Joe Wright’s new vision of Anna Karenina is indeed every bit as bold as the ads claim it to be. Rather than present audiences with a straightforward period costume drama, as has been done eleven times previously for film and television, he and screenwriter Tom Stoppard intentionally blur the line between cinema and stage, the action unfolding as a series of skits that are either completely contained within or organically extended beyond the boundaries of a live theater production. Rigging is plainly visible, as are stagehands, musicians, and footlights. The scenes are performed on the main stage, in the wings, and in the orchestra section of the audience, where the seats are conveniently absent. The actors’ movements are occasionally choreographed, even when they’re not dancing. Some of the scenes shift as they would in a play, with plywood flats raised and lowered into position.

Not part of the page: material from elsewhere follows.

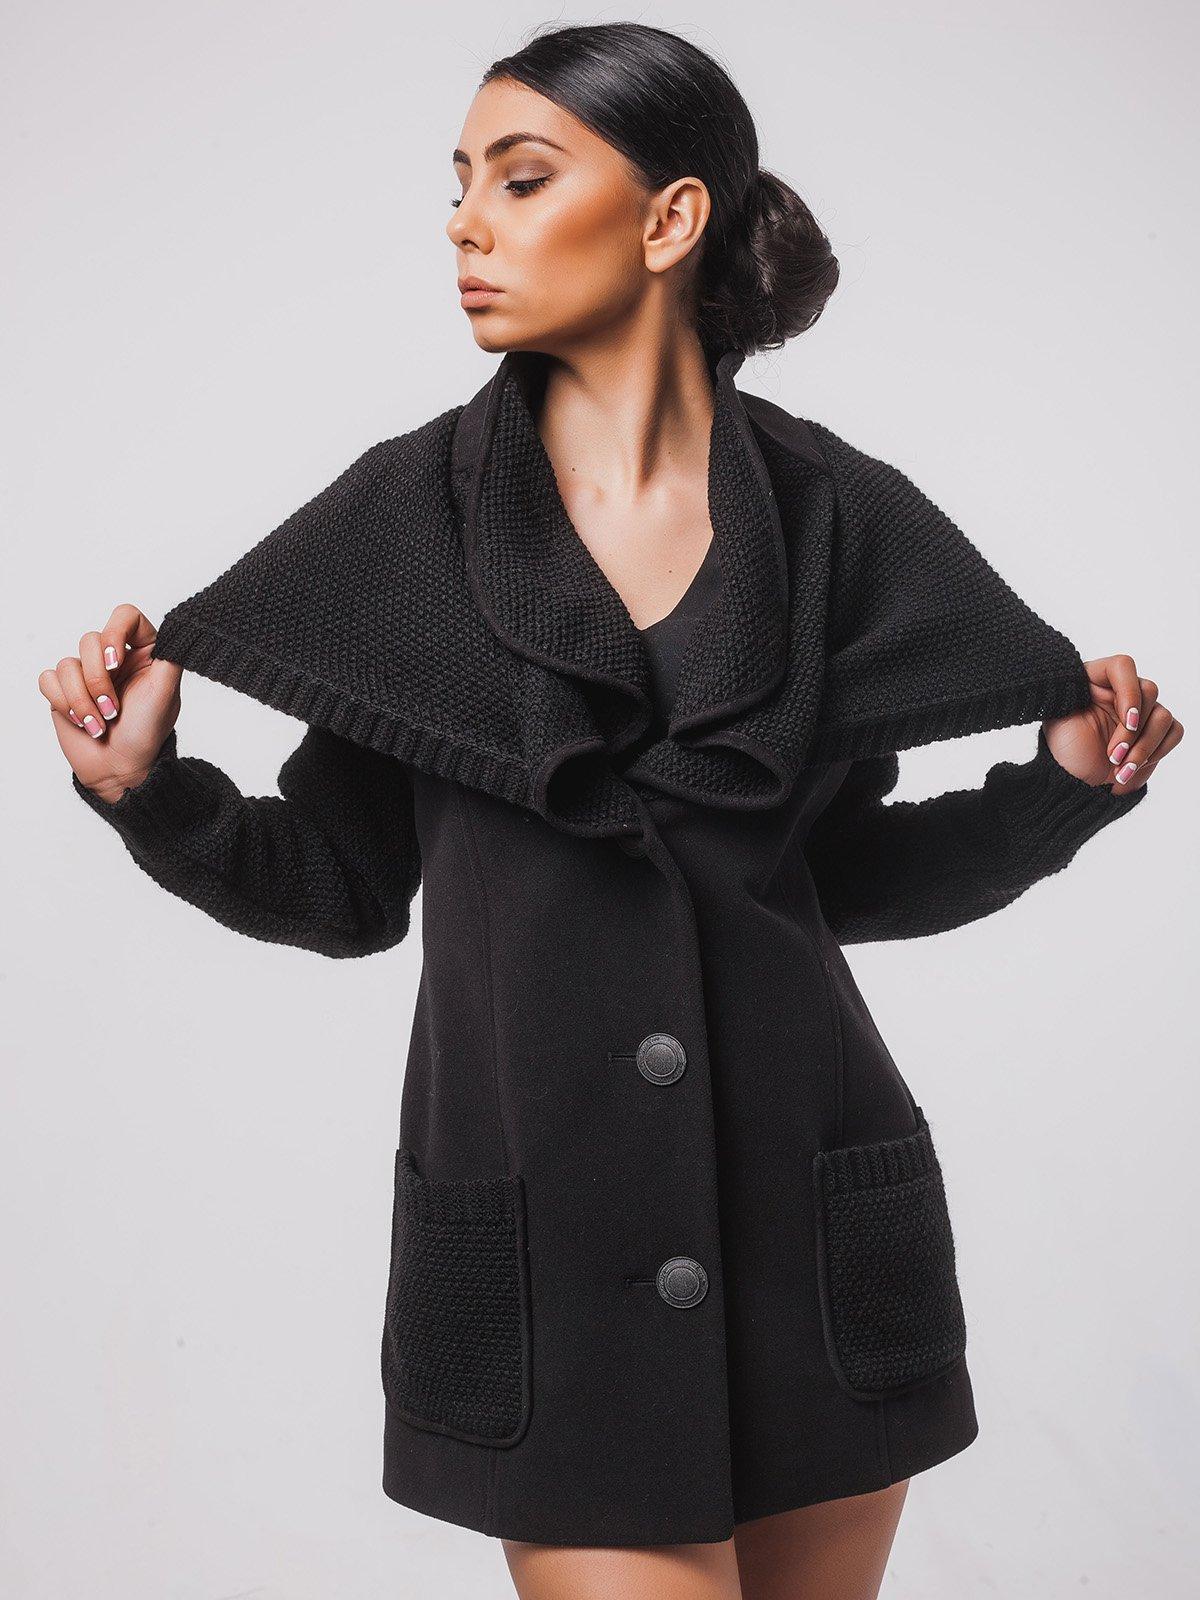 Пальто чорне   2107053   фото 3
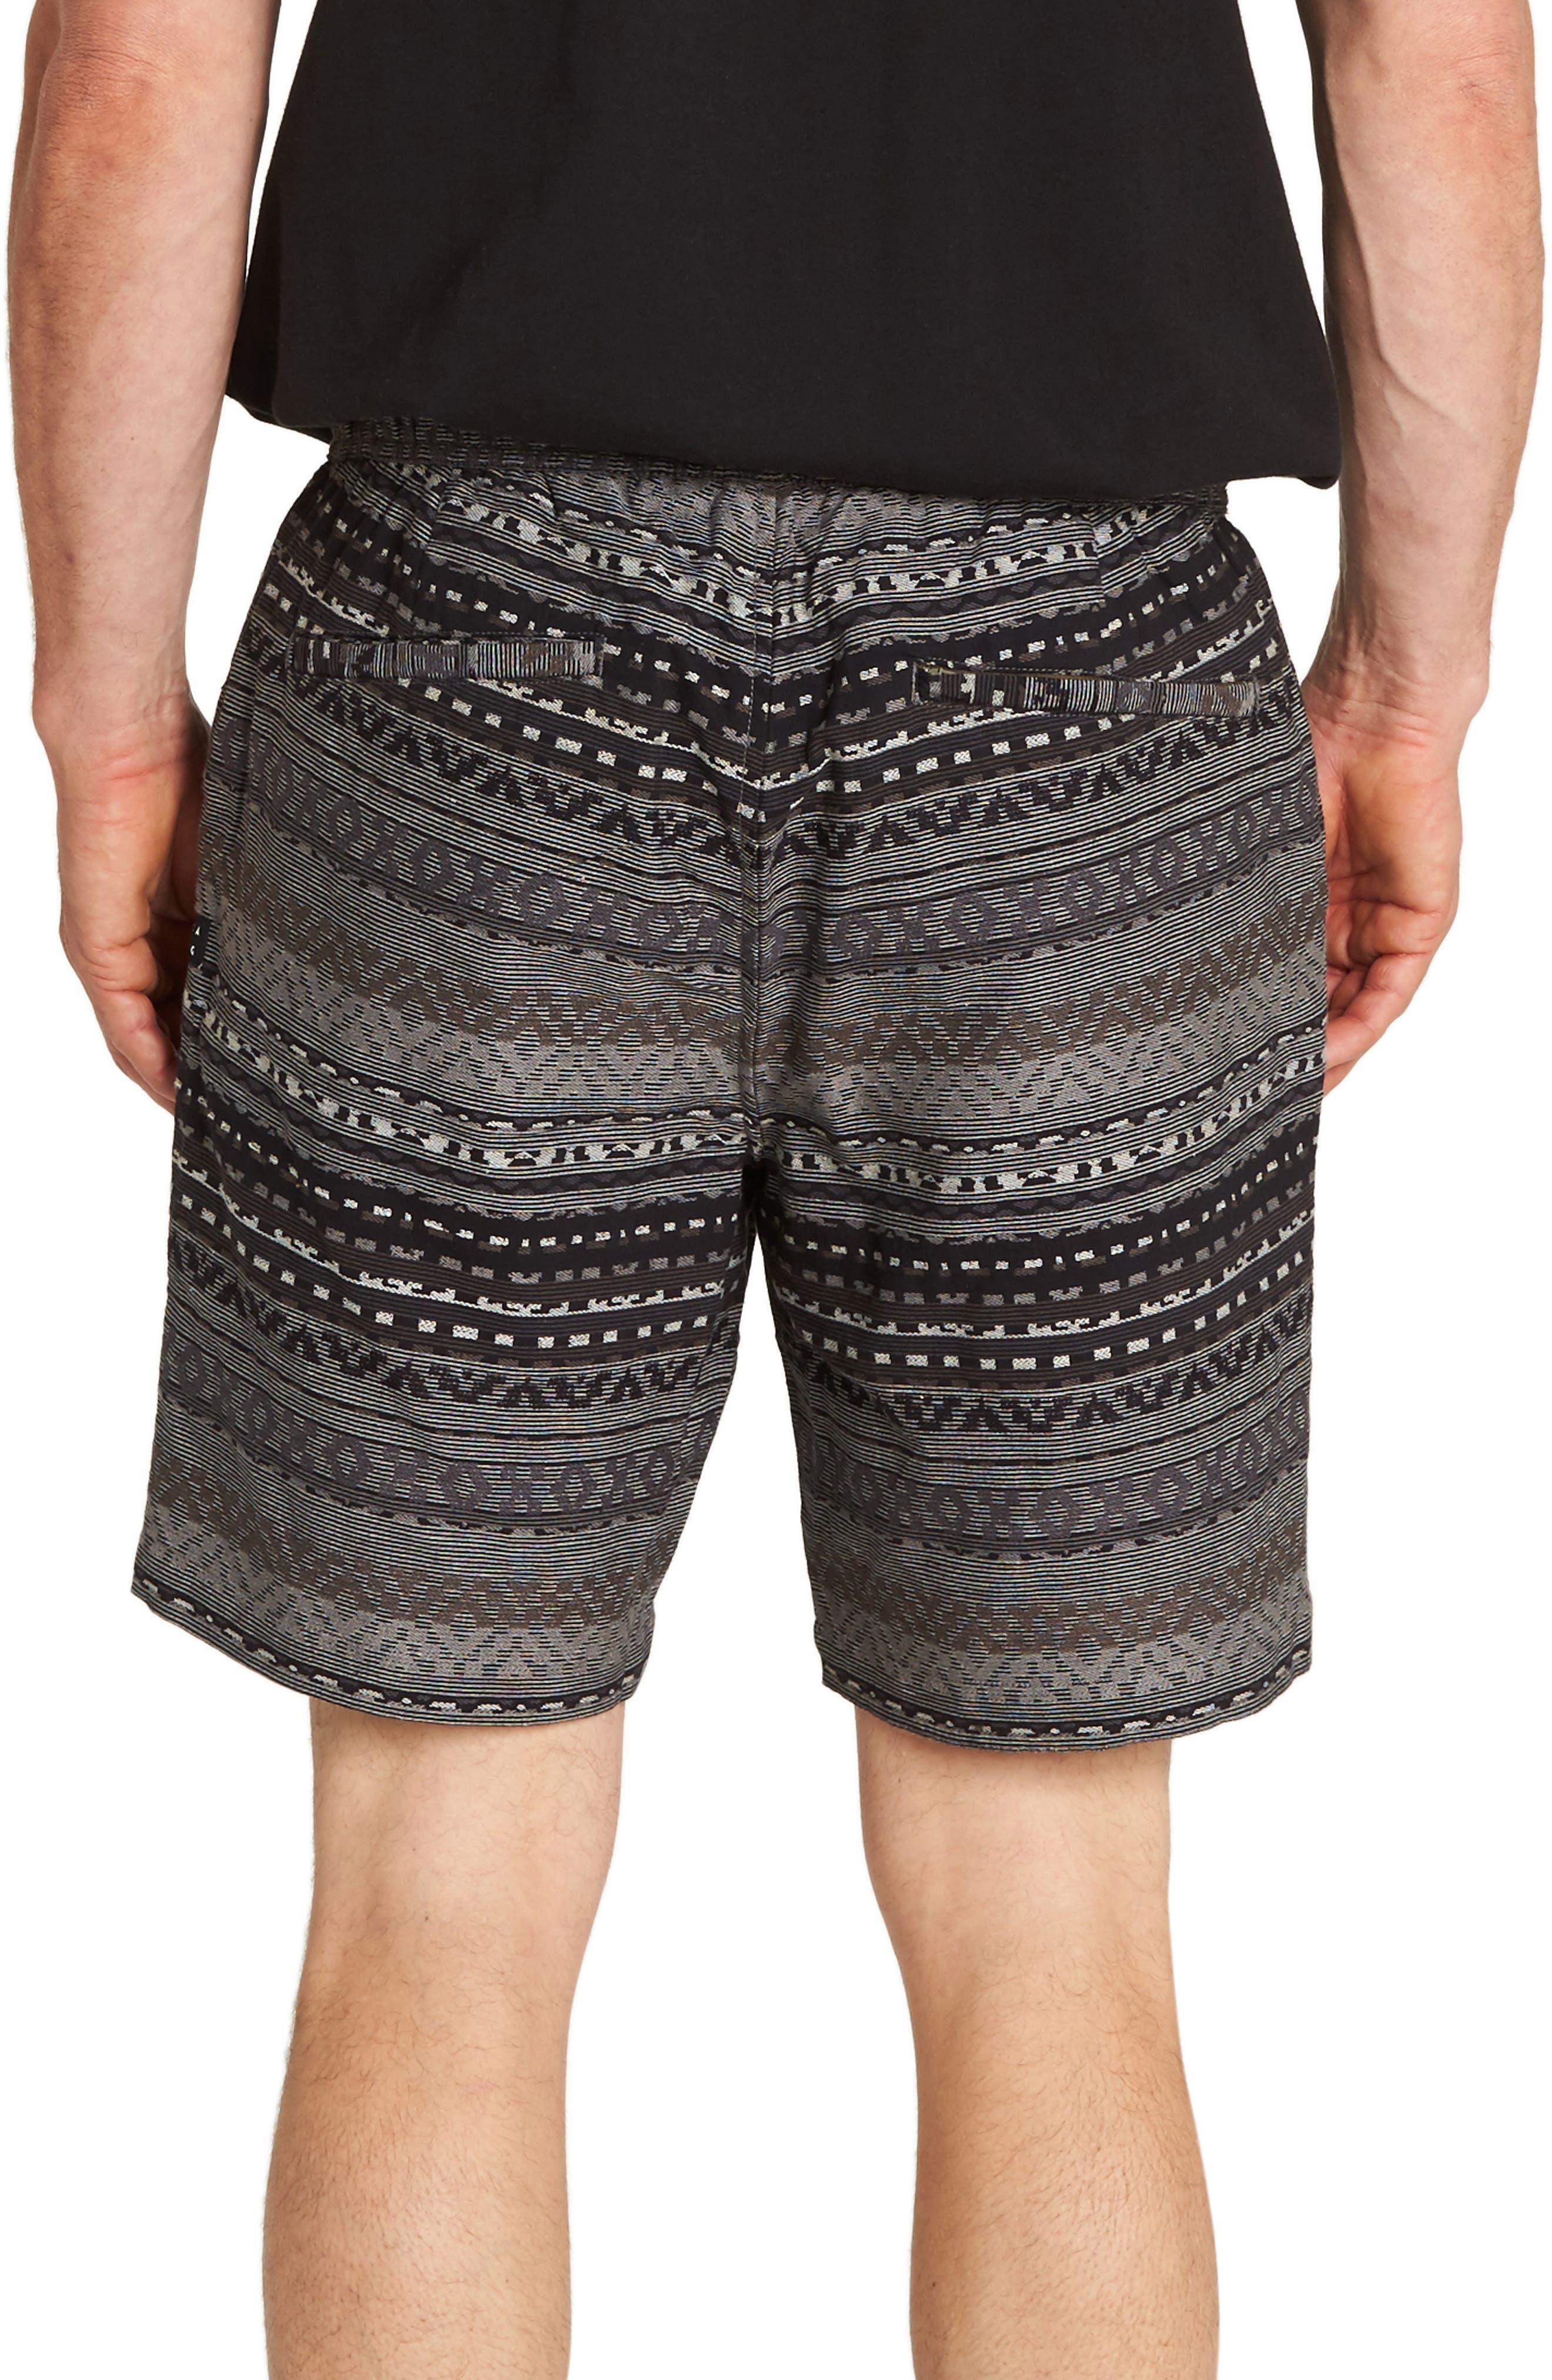 Larry Layback Jacquard Shorts,                             Alternate thumbnail 2, color,                             BLACK

This theatrical approach, stylistically speaking, never once fails to capture the audience’s attention. Here is a film that’s not only visually spectacular – the costumes are detailed, the sets combine realistic opulence and onstage artificialness, the color scheme is beautifully vibrant – but is also a rather clever blending of Wright’s cinematic flair and Stoppard’s playful dramaturgy. The latter is especially prominent, given the playwright’s penchant for word play and wittiness; although at heart the same tragedy it has always been, this particular adaptation doesn’t shy away from moments of levity. This is evident most notably in the character of Stiva Oblonsky (Matthew Macfayden), the title character’s perpetually womanizing brother. To call him comedy relief would be an oversimplification. He’s merely more amusing than he used to be.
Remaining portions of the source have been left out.